TODO: do something sensible with the .so ones.
#include "doc.hh"
#include <cstdio>
#include <cctype>
#include <cassert>
#include <popt.h>
#include <dirent.h>
#include <sys/types.h>
#include <sys/socket.h>
#include <netinet/in.h>
#include <errno.h>
using namespace libdoc;
The default list of paths in which to look for man pages.
const static char *manpaths_default[] =
{
"/usr/man",
"/usr/local/man",
0
};
const string FORMAT_MAN = "man";
The actual paths which will be searched will be stored in here by
`find_paths'.
static vector <string> manpaths_actual;
The name of the porgram, taken from argv[0].
const char *progname = 0;
Variables which are set by `decode_options' to describe the options
which were present.
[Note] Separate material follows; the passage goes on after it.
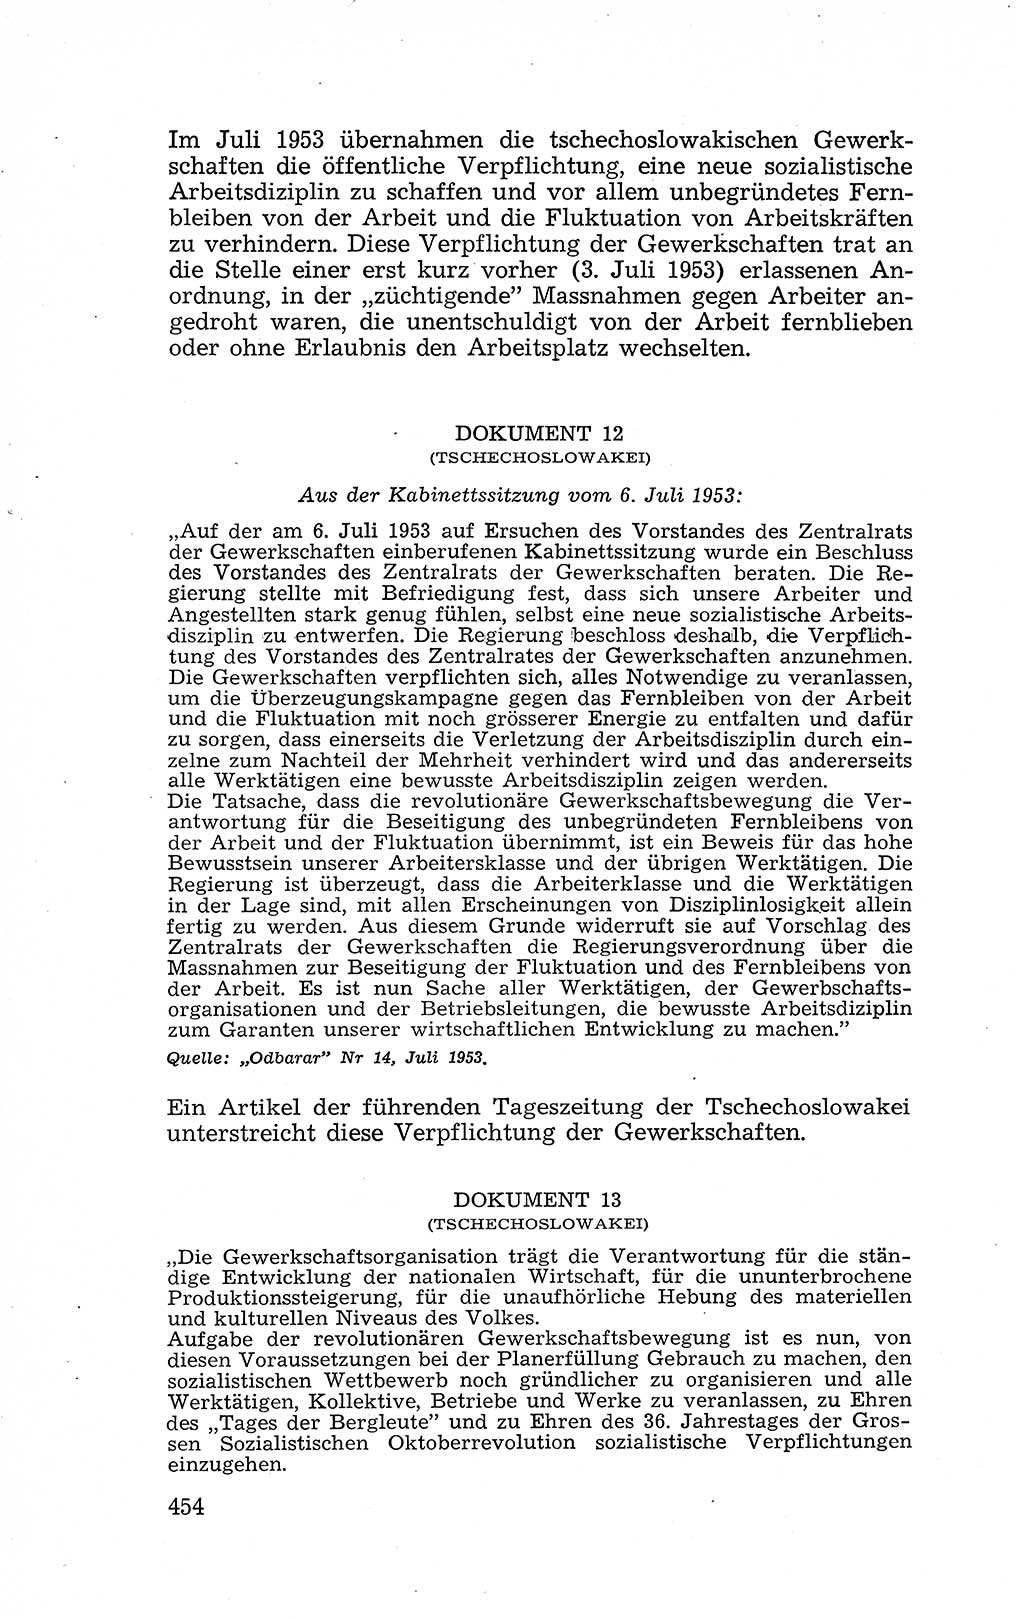 Recht in Fesseln, Dokumente, Internationale Juristen-Kommission [Bundesrepublik Deutschland (BRD)] 1955, Seite 454 (R. Dok. IJK BRD 1955, S. 454)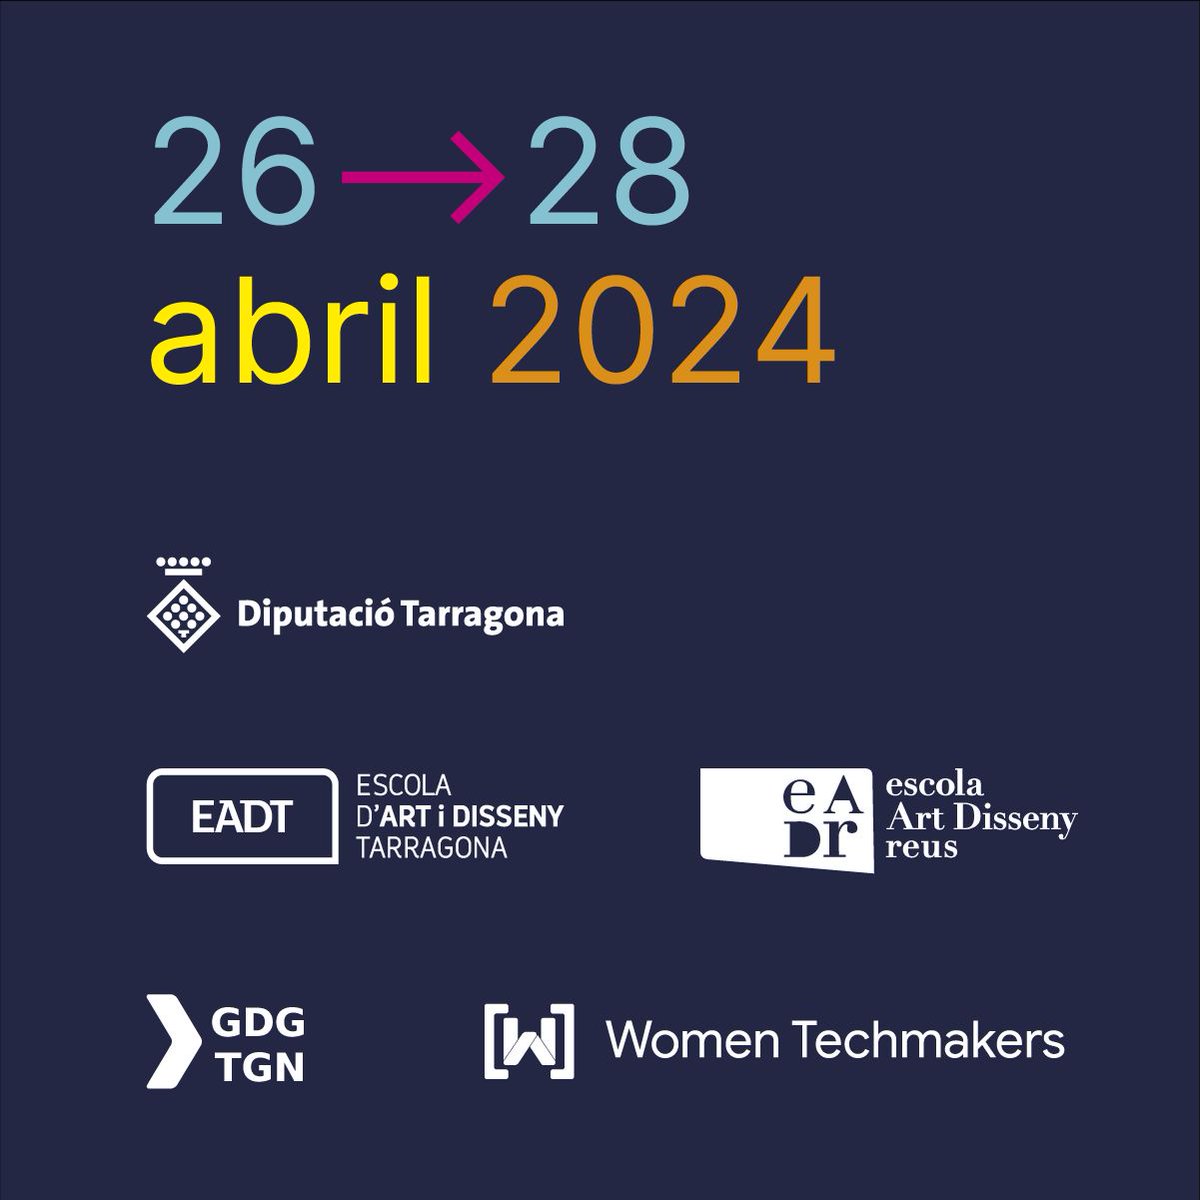 👉🏻Arriba la 4a Game Jam Women Techmakers a l'#EADTarragona🥳 Avui, dissabte i diumenge tindrà lloc a l’EADTarragona un concurs de creació i desenvolupament de videojocs obert a tothom +info: gamejamwtm.gdgtarragona.com  #somEADT #GameJamWT #Tarragona

TODO: move option_stoplist to `docd'.
static int option_dryrun = 0;
static int option_showdefaultpaths = 0;
const static char *option_file = 0;
static int option_showfiles = 0;
static const char *option_host = 0;
const static char *option_manpath = 0;
static int option_port = DEFAULT_PORT;
static int option_showpaths = 0;
const static char *option_stoplist = 0;
static int option_verbose = 0;
static DocumentSender *current_document = 0;
The file to which indexing information is being written, which will usually
be the socket connected to `docd'.
FILE *dest_file;
Prototypes for functions declared below.
bool decode_options (int argc, const char **argv);
void find_paths ();
void search_paths ();
void search_raw_file (const string &filename);
void parse_manpage (const string &path, FILE *file);
bool is_word_start (unsigned char c);
bool is_word_middle (unsigned char c);
The table of command line options.
poptOption options_table[] =
{
POPT_AUTOHELP
{ "dry-run", 'd', POPT_ARG_NONE, &option_dryrun, 0,
"No information is sent to the daemon, it is printed to stdout instead",
0 },
{ "show-default-paths", 'D', POPT_ARG_NONE, &option_showdefaultpaths, 0,
"Just print the inbuilt default manpaths", 0 },
{ "file", 'f', POPT_ARG_STRING, &option_file, 0,
"Specify a single file to index", "FILENAME" },
{ "show-files", 'F', POPT_ARG_NONE, &option_showfiles, 0,
"Just print the names of files which would be indexed", 0 },
{ "host", 'h', POPT_ARG_STRING, &option_host, 0,
"Specify the IP address of the host to connect to", "HOSTNAME" },
{ "man-path", 'm', POPT_ARG_STRING, &option_manpath, 0,
"Specify a path under which to search for man pages", "PATH" },
{ "port", 'p', POPT_ARG_INT, &option_port, 0,
"Specify the number of the port to connect to", "PORT" },
{ "show-paths", 'P', POPT_ARG_NONE, &option_showpaths, 0,
"Just print the paths which will be searched for man pages", 0 },
{ "stoplist", 's', POPT_ARG_STRING, &option_stoplist, 0,
"Specify a file from which to read a list of stopwords", "FILENAME" },
{ "verbose", 'V', POPT_ARG_NONE, &option_verbose, 0,
"Print more information about what the program is doing", 0 },
{ NULL, 0, 0, NULL, 0, NULL, NULL }
};
int
main (int argc, const char **argv)
{
try
{
if (!decode_options (argc, argv))
return 1;
if (option_showdefaultpaths)
{
for (const char **p = manpaths_default; *p; ++p)
puts (*p);
return 0;
}
if (option_file)
search_raw_file (option_file);
else
{
find_paths();
if (option_showpaths)
{
for (unsigned int i = 0; i < manpaths_actual.size(); ++i)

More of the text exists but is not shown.